ASSIGNMENT: Make an exact copy of the lines from the one containing "#coloradowedding #weddingphotography #elopecolorado" through the end of the material, including both ends but no pictures.

GIVEN INFORMATION:
........

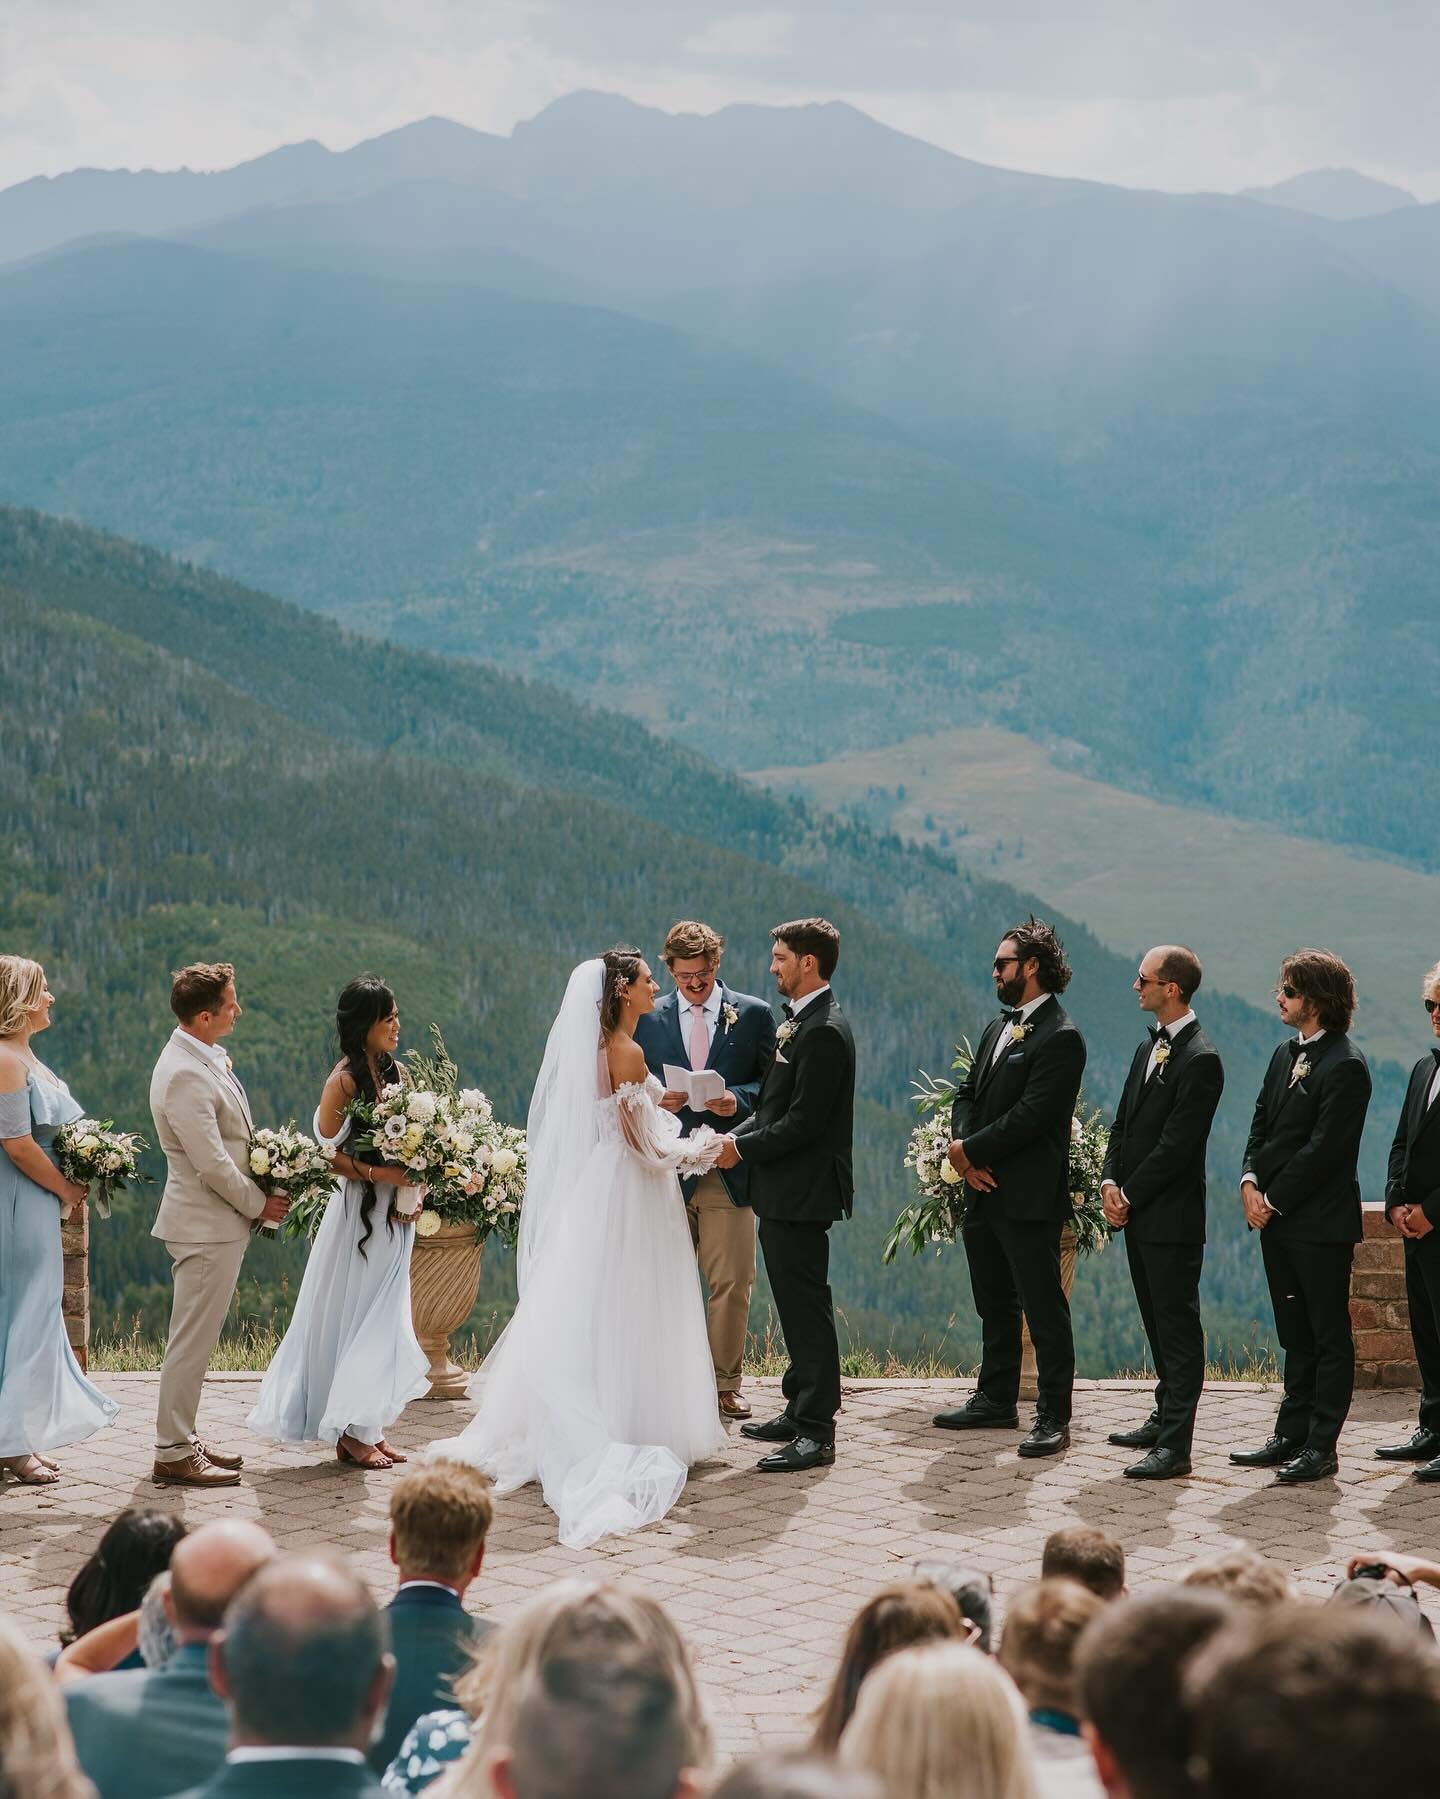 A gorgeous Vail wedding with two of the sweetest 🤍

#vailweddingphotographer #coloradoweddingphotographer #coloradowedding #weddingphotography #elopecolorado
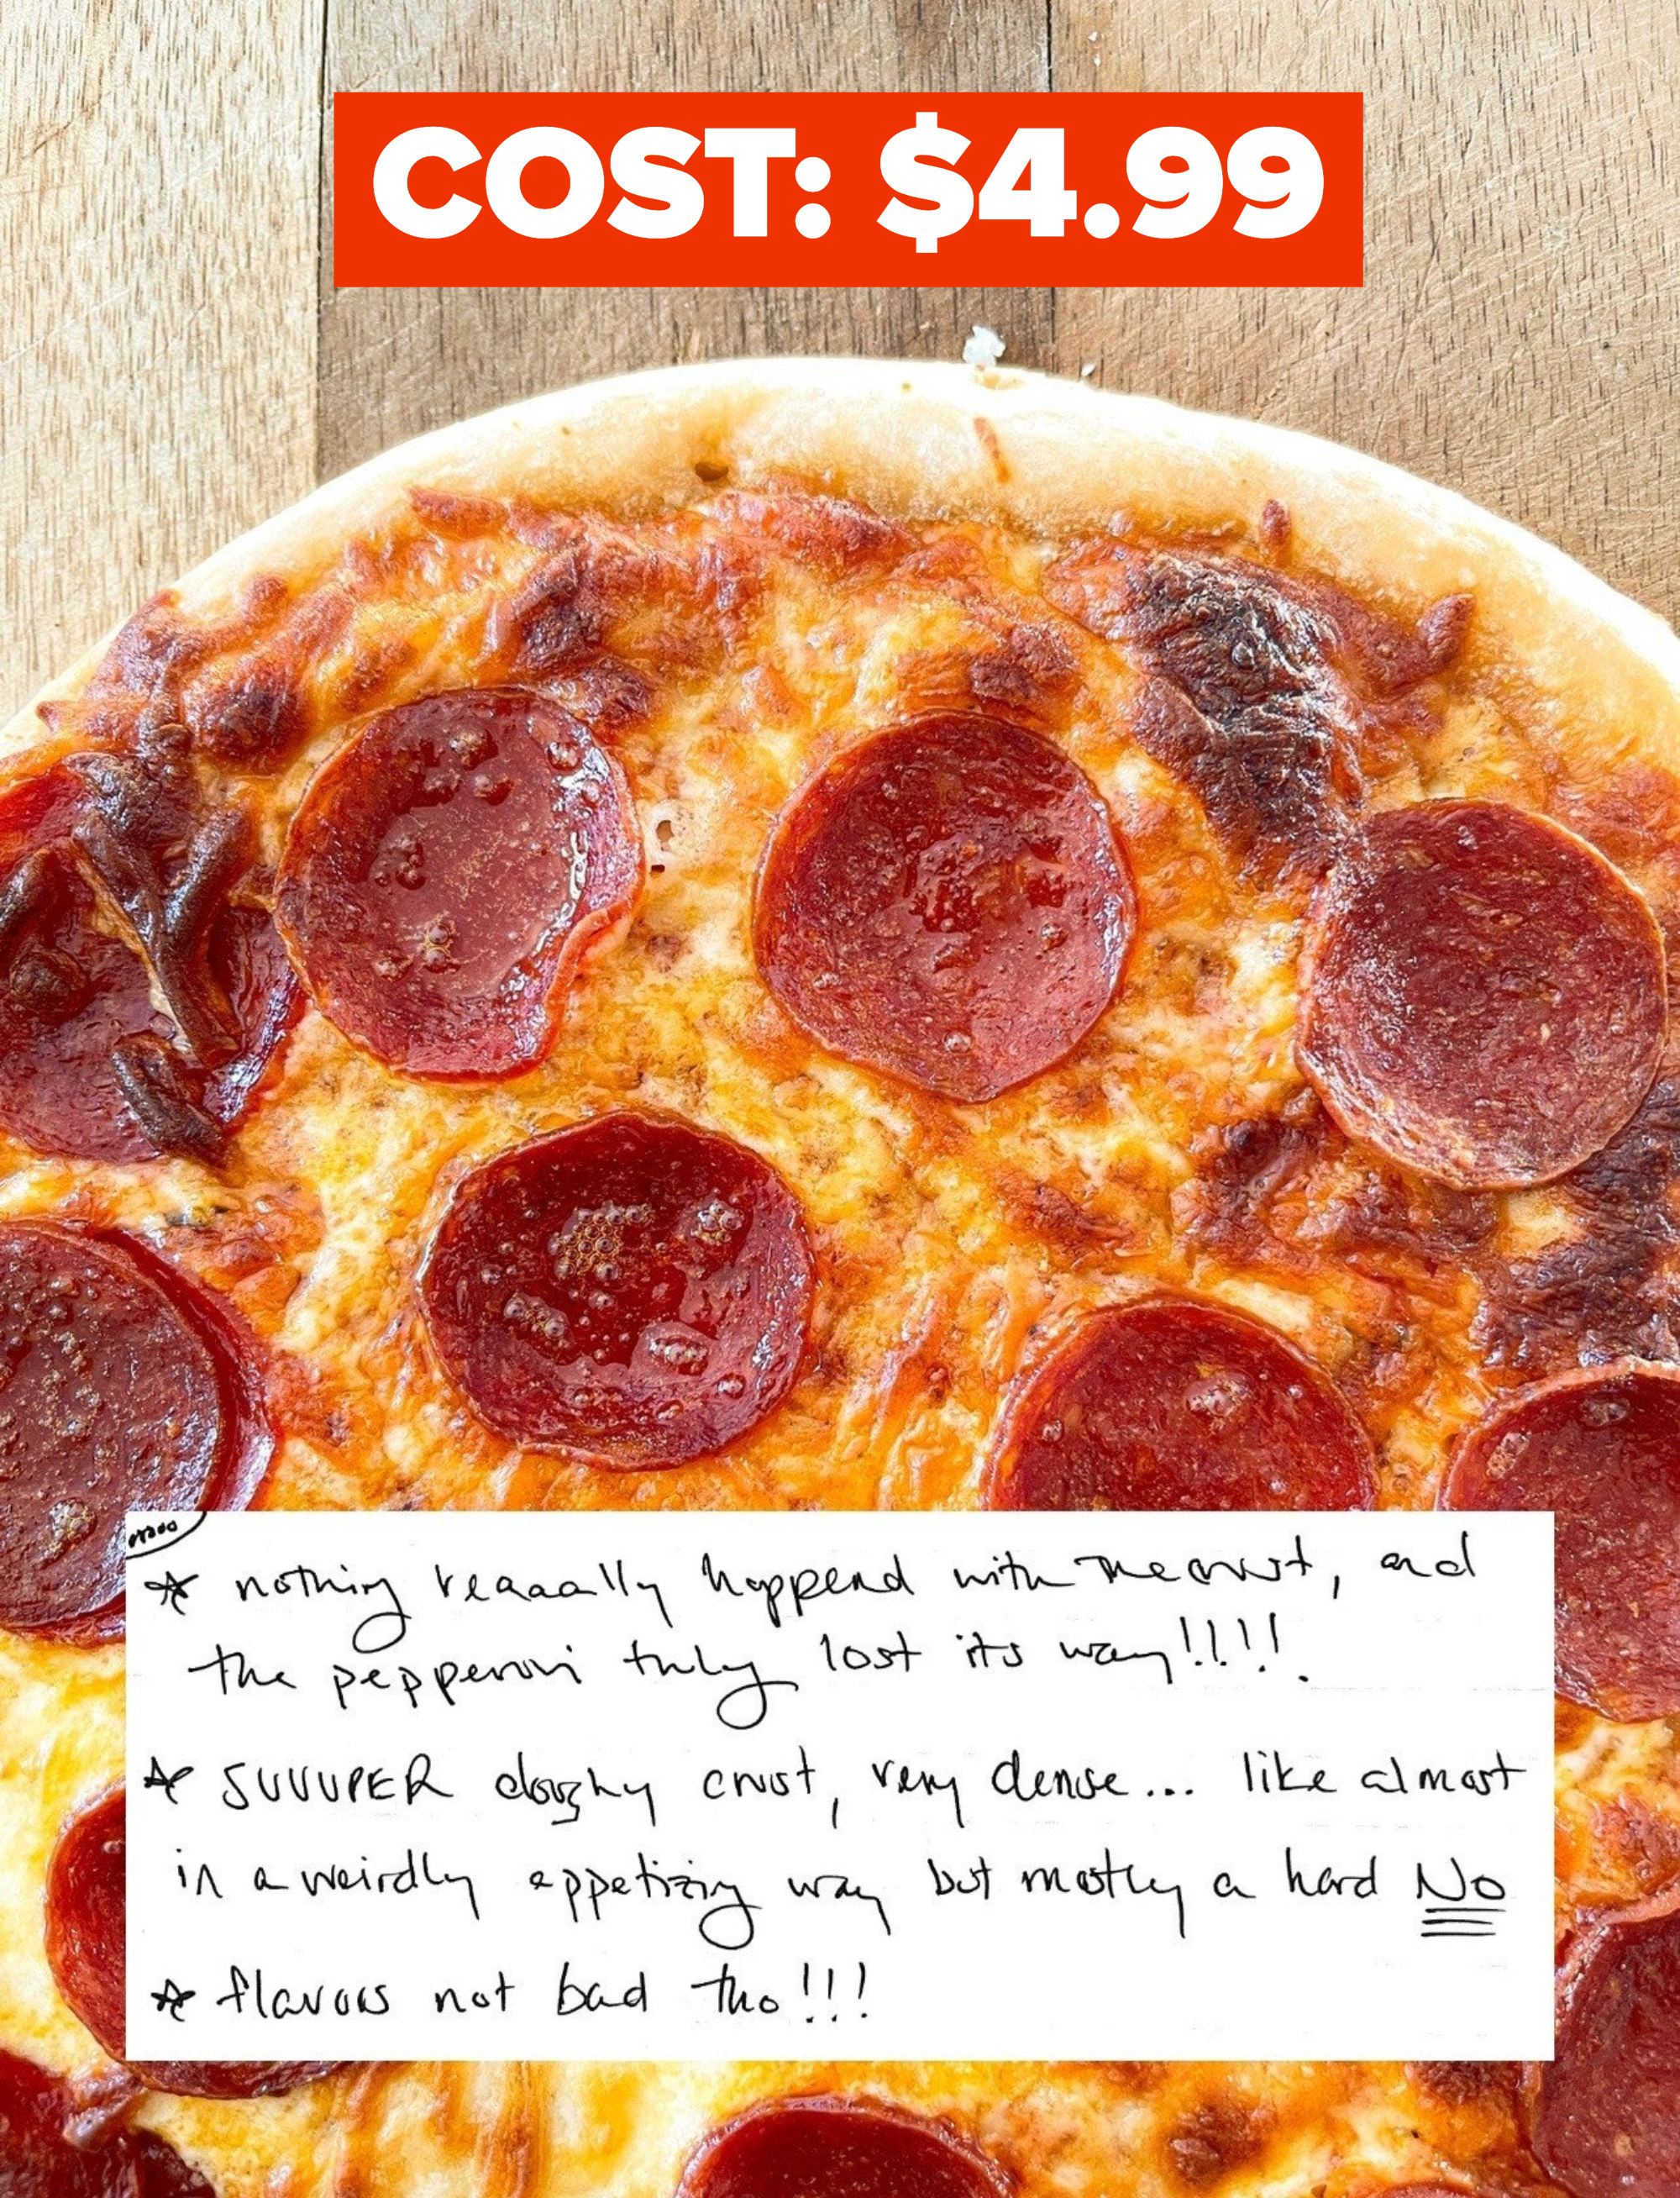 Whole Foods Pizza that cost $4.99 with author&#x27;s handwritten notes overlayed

........

OUTPUT OF THE TASK:
#vailweddingphotographer #coloradoweddingphotographer #coloradowedding #weddingphotography #elopecolorado
 Whole Foods Pizza that cost $4.99 with author&#x27;s handwritten notes overlayed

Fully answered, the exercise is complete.